INF 510

This is the first of 3 “milestones” for the final project. Please read this entire document

carefully.

This project can be done individually or in pairs (no groups larger than 2 are allowed). The
amount of effort for a pair project will be roughly double an individual project. You are on your
own to set up a group if you so desire (feel free to use the Piazza forum, etc.). Once you have
turned in this first assignment as a group, you must keep that group throughout the project.
In general, the focus of the project is to show you can acquire, model, store and process
multiple sources of data, and build reliable pipelines to do so. For this course, actual “analysis”
of the data is secondary; you’ll be expected to say something about the data, but your
conclusions are not the focus of the project.

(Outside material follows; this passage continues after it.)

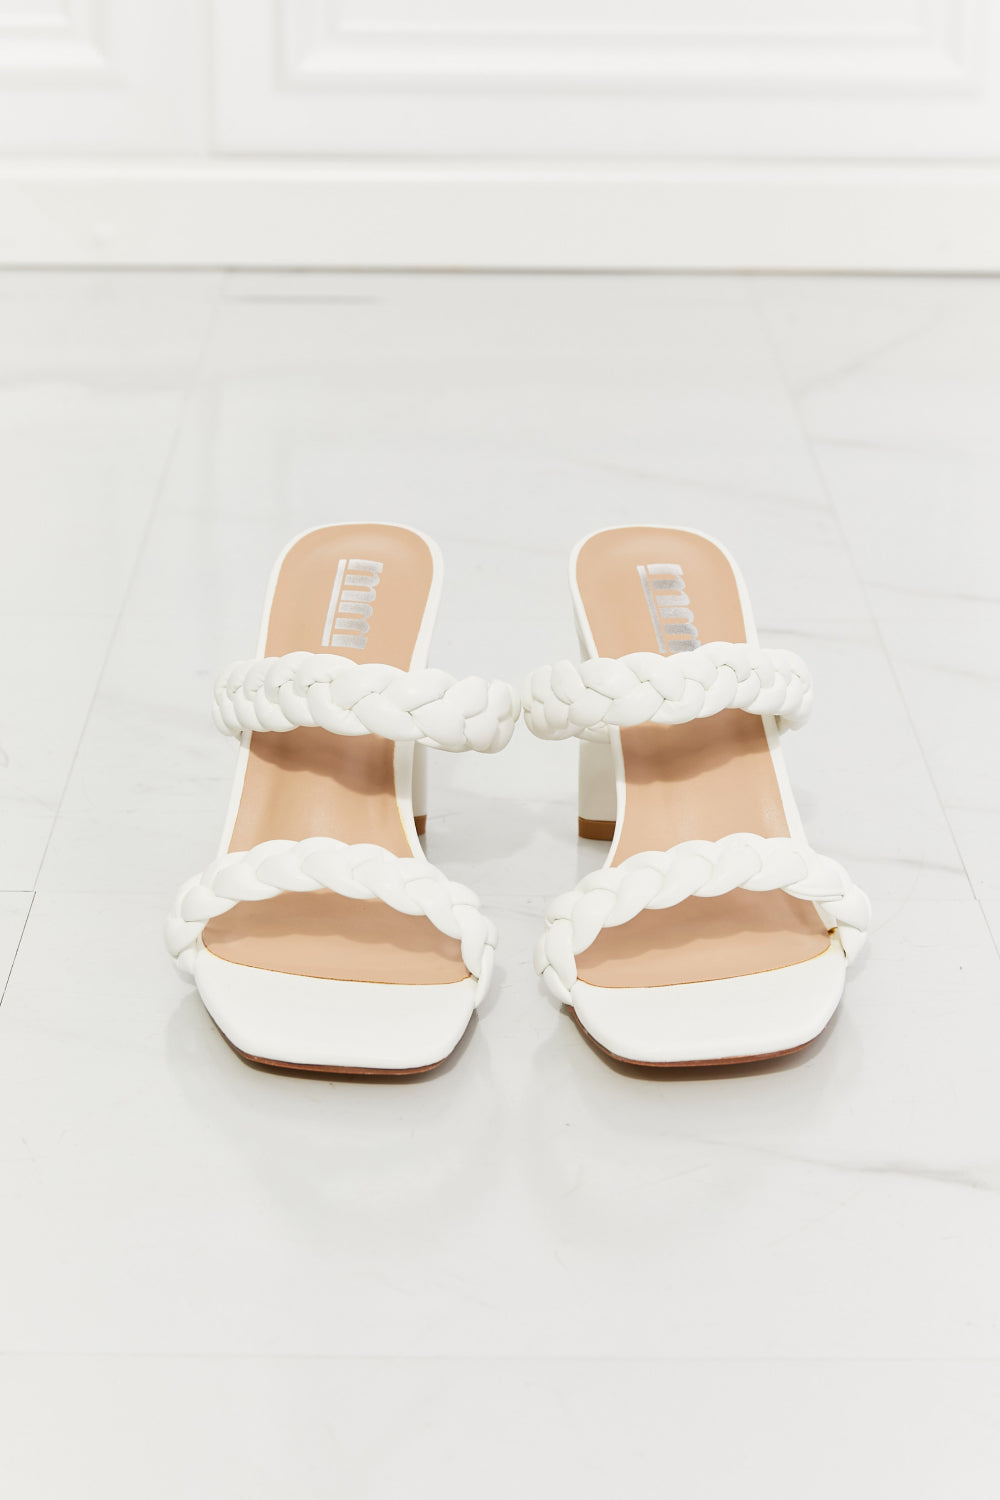 MMShoes In Love Double Braided Block Heel Sandal in White - Tigbul's Fashion

Your project will be scored on a number of factors, including (but not limited to!) the
complexity and size of your datasets, the quality of your pipeline and modeling code, and the
writeup of your research statement and conclusions. It’s a sizable amount of work, but it’s your
chance to actually do something substantial with data, so I hope you have fun with it!
The project contains three “milestones”, outlined below. Each one will be turned in separately,
with the final submission being your final project. Note that the first two milestones are
submitted via our course website. The final submission is to be done via GitHub.
Briefly, milestones are:

1). Data set and problem selection
2). Data acquisition and modeling infrastructure
3). Research conclusions and writeup